There is no doubt the Court has endorsed a narrower interpretation of all risks insurance coverage.  But it is important to note that the specific wording of all risks policies may vary, and different circumstances might result in an interpretation more favourable to the claimant, in cases of property damage caused by faulty workmanship.

Monday, 9 March 2015

"Incorporation by Reference" – More Dangerous Than it Sounds

Author: Corbin Devlin 

 It is common, almost universal, to find a clause in a construction subcontract that incorporates the prime contract by reference. However, the effects of such a clause can vary greatly. Too often, these provisions are considered boilerplate and they not given the consideration they deserve, by general contractors and subcontractors alike.

Alternate Approaches
These “incorporation by reference” clauses usually leave unanswered questions, particularly whether they are effective to incorporate the general conditions of the prime contract (e.g. payment terms, liquidated damages, dispute resolution, warranty…?) and if so, just exactly how the general conditions of the prime contract apply to the subcontractor.

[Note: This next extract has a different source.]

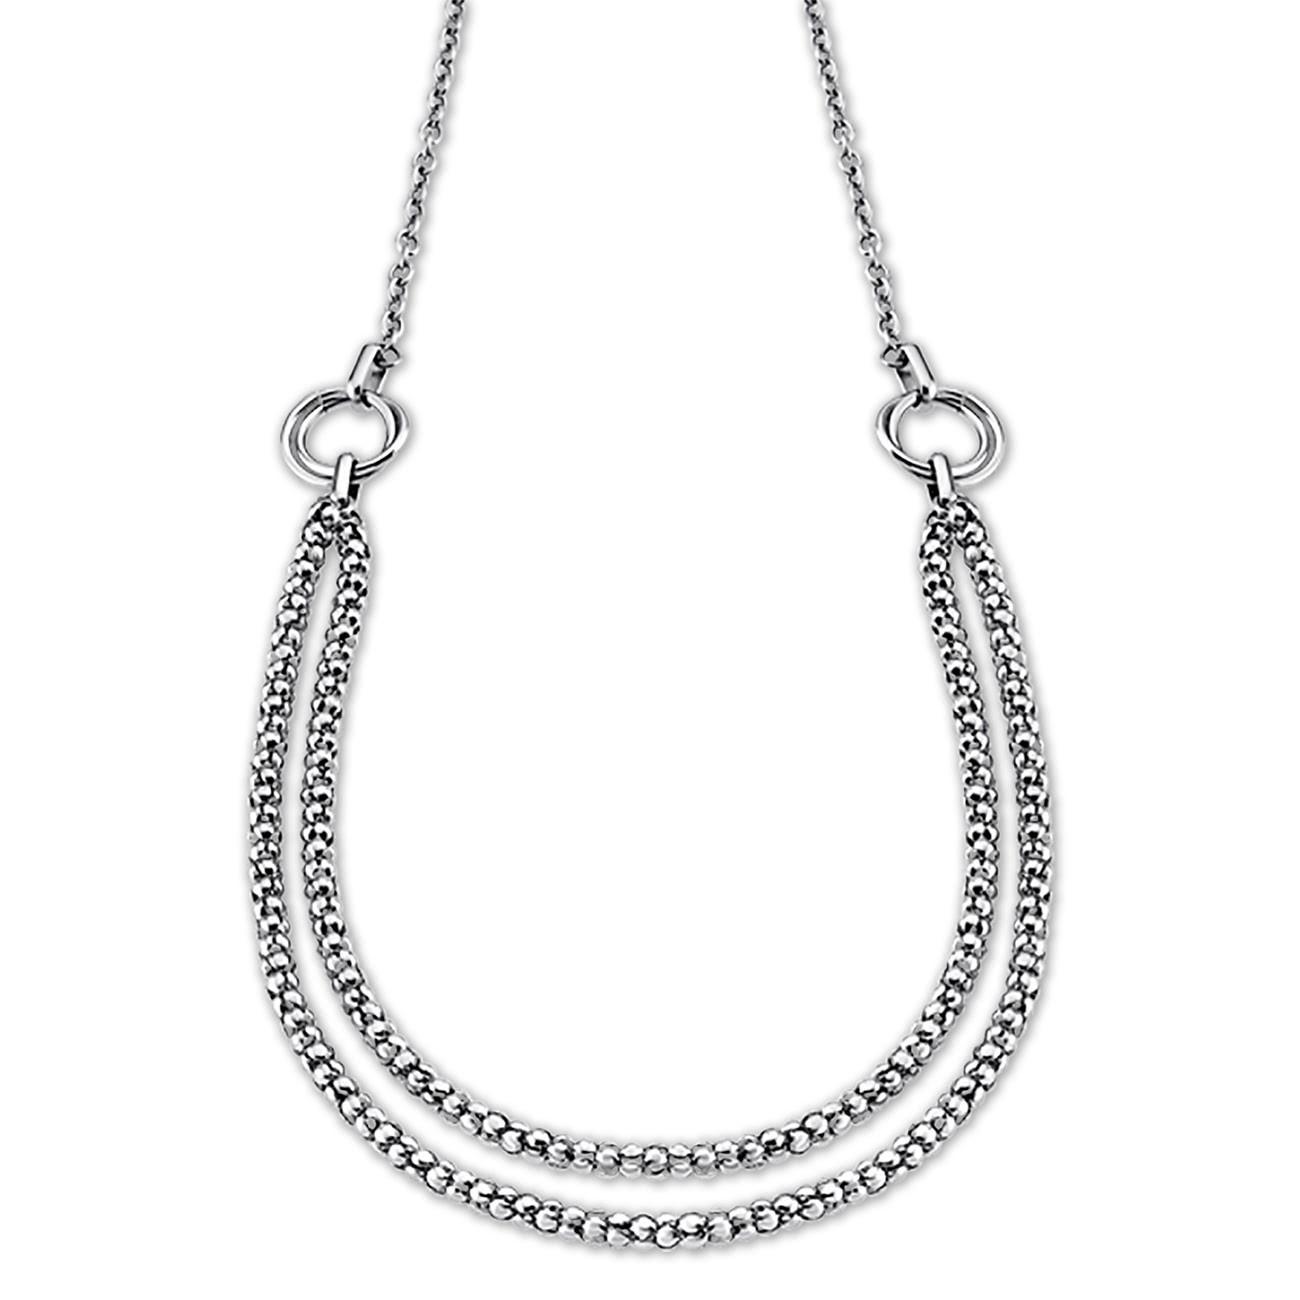 LOTUS Style Halskette Damen Edelstahl silber LS1818-1/1 Woman JLS1818-1-1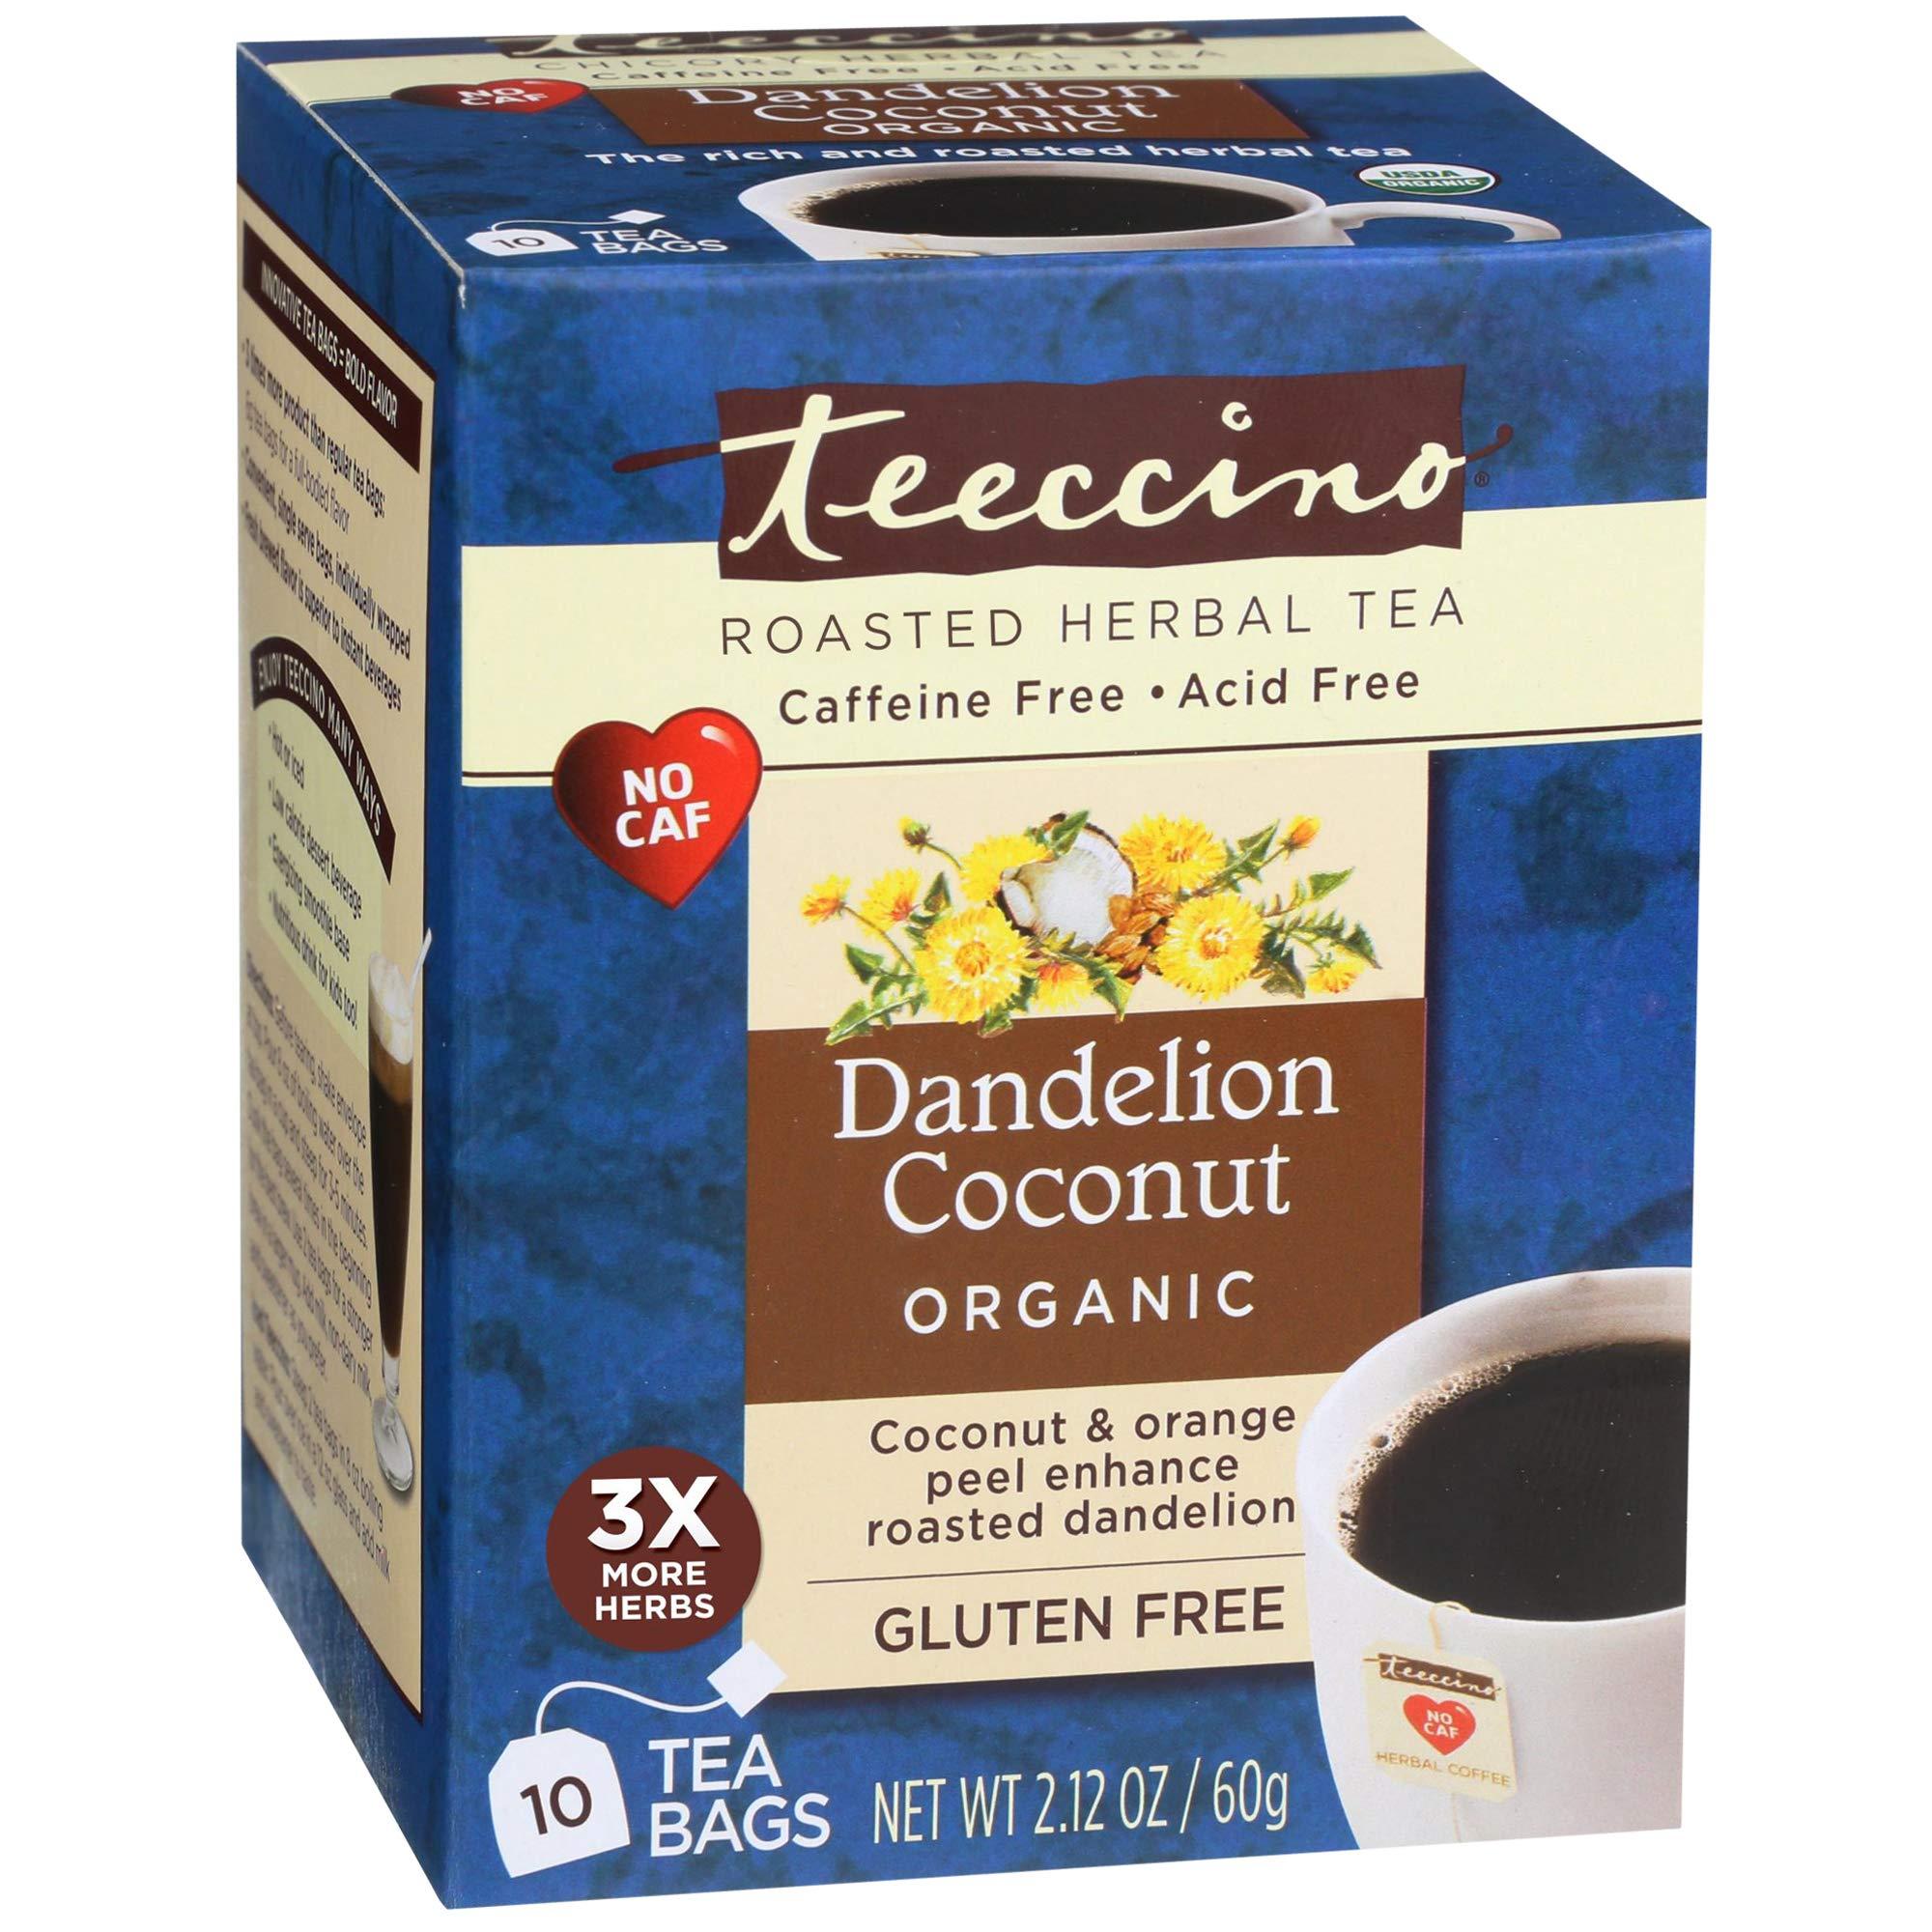 Teeccino Dandelion Tea – Organic Coconut – Roasted Herbal Tea, Organic Dandelion Root, Prebiotic, Caffeine Free, Gluten Free, Acid Free, 10 Tea Bags

The most comprehensive clause is one that not only incorporates the prime contract but also expressly binds the subcontractor to all prime contract terms; e.g. “any reference to Owner in the prime contract is interpreted as a reference to the Contractor, and any reference to Contractor is interpreted as a reference to the Subcontractor.” Such language is favored by some general contractors – it is no doubt very protective of the general contractor. CCA1 uses similar language. While such a clause might seem quite explicit, the cases show that such a clause actually leaves much room for dispute when it comes to the legal effect of the prime contract general conditions on the subcontractor. The general contractor’s relationship with the subcontractor is not a mirror image of the owner’s relationship with the general contractor, and so this type of clause leaves room for ambiguity. Ambiguity eventually leads to dispute, which does not benefit the general or the sub.

Another common approach is a relatively simple clause that states, in essence, “the prime contract is incorporated by reference.” This approach is less comprehensive from the owner's perspective. There is a body of case law that indicates such a clause really just incorporates those aspects of the prime contract that have clear application to the subcontractor; i.e. the drawings, specifications and schedule – but typically not the general conditions. Such a clause is therefore less ambiguous than our first example, although it is still open to dispute.

Another approach is to reference (or attach) specific provisions of the prime contract into the subcontract. This selective approach leaves much less room for ambiguity. It requires more work at the drafting stage, and is therefore much less common.

The best practice (in strict legal terms) may be to avoid incorporation by reference completely, by writing a subcontract that reinforces and coordinates with the relevant terms of the prime contract. But such a fulsome approach is usually quite impractical.

The Subcontractor Who Never Sees the Prime Contract
It is all too common that the subcontractor does not actually obtain or review the prime contract terms and conditions that are supposedly incorporated by reference. In such cases, the proper interpretation of the subcontract may depend on whether the subcontractor is in fact given access to the prime contract, or the relevant parts of it.

Sometimes a subcontractor is not given access to the prime contract. There is case authority suggesting that it will invalidate the “incorporation by reference” clause if the general contract denies the subcontractor access to the prime contract. Similarly, if a subcontractor is only given access to parts of the prime contract, the subcontractor has a good legal argument that the “incorporation by reference” is limited to those parts. 

Of course, it is a different scenario if the prime contract terms and conditions are made available to the subcontractor, but  fails to avail itself of the opportunity. Every time a subcontractor agrees to a clause that incorporates the prime contract by reference, without reviewing the prime contract terms and conditions, that subcontractor incurs a considerable legal risk.